Conference rusure::math

706.0. "Two (or so) series/limit problems" by CLT::GILBERT (eager like a child) Sat May 16 1987 20:42

Here are a few interesting problems from Philippe Flajolet.

I)  What is happens as (x->1) to the series
    T(x)=1-x-x^2+x^3-x^4+x^5+x^6-x^7-x^8+x^9+x^10-x^11+...
    where the coefficient of x_n is t(n)=+1 if n, written in binary has
    an even number of 1-bits and t(n)=-1 otherwise.

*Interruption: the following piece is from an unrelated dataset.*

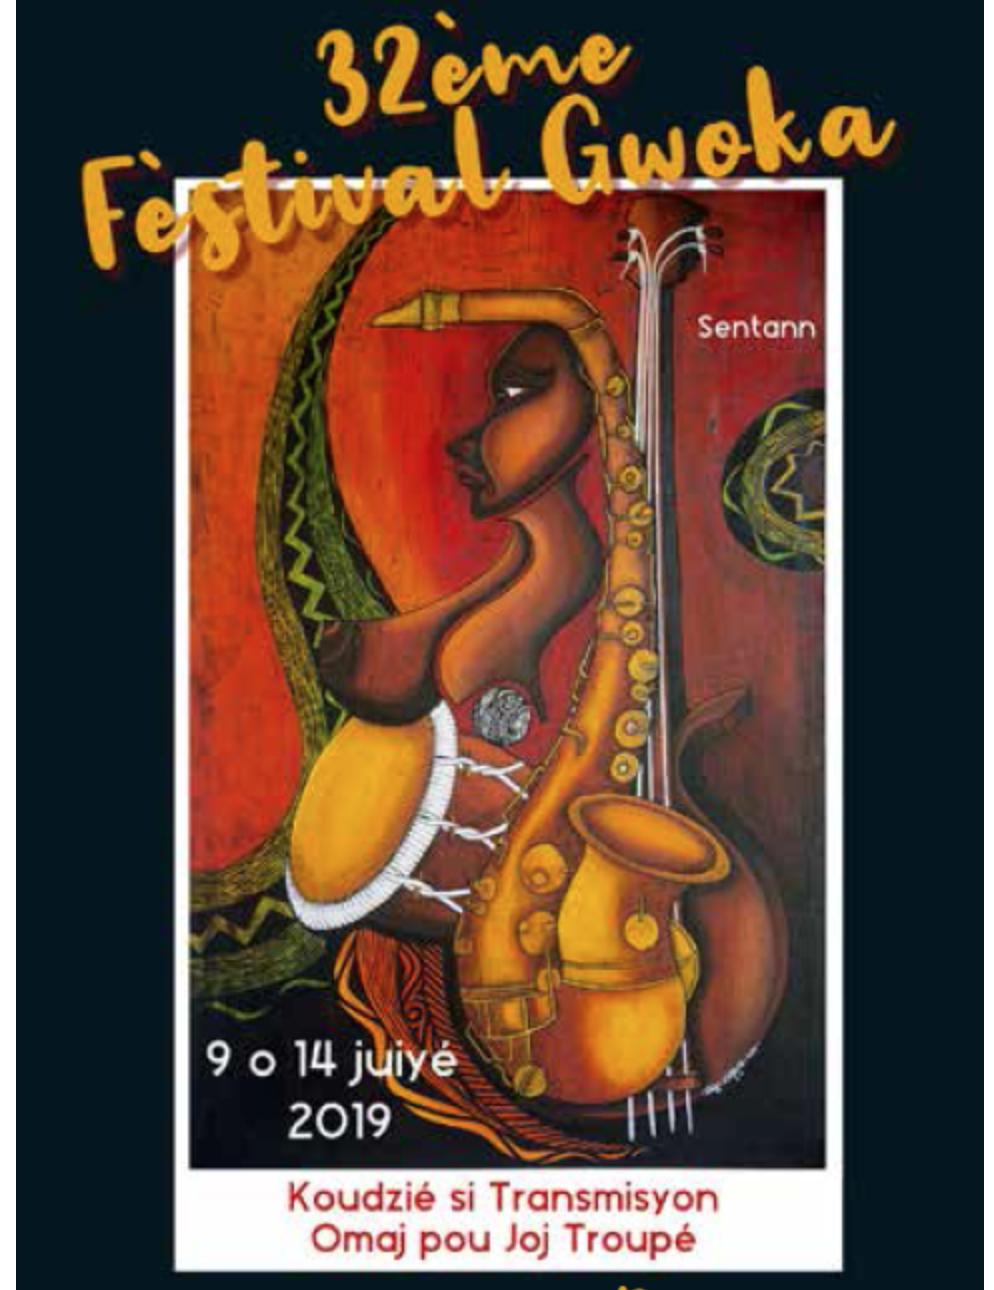 Festival du Gwoka 2019

For instance, 19=(16+2+1)=(10011) in binary, so that t(19)=-1.
The sequence t(n) is known as the Thue-Morse sequence in combinatorics

Question is: What is the growth [?? "shrinkage" may be more appropriate
here :-) --N.E.] rate of T(x) as x->1? Compare
with (1-x)^-lg(1-x) where lg=log base 2.
 
[ Hint: there is a trick involved.  Noam Elkies notes that the trick "seems
  to be a favorite of the Putnam exam committee -- it appeared in various
  disguises in at least three Putnam problems within the past two years".
  Noam asks: What about the behavior of sum(x^n*t(3n),n,0,inf) as x->1? ]

 
II) If you compute the infinite product:
    product (n+1)^t(n), for n>=0
modifying it slightly in order for it to make sense, e.g. as:

   2  5.8        9.12              (4p+1)(4p+4)
P= - (---)^t(1) (---- )^t(2) ... (--------------)^t(p) ...
   3  6.7        10.11             (4p+2)(4p+3)

you find with 2000 terms:
ie p<=2000 or n<=2000 ?]
    P=~=.70710675913....
    P^2=~=.49999996881952
Any explanation?
 
[ The solution is both elegant and elementary ]


In the analysis of a probabilistic estimation algorithm I encountered P'
    P'=(2/3) product p>=1 ((4p+1)(4p+2)/(4p(4p+3))^t(p)
for which I did not find a closed form. Any hints?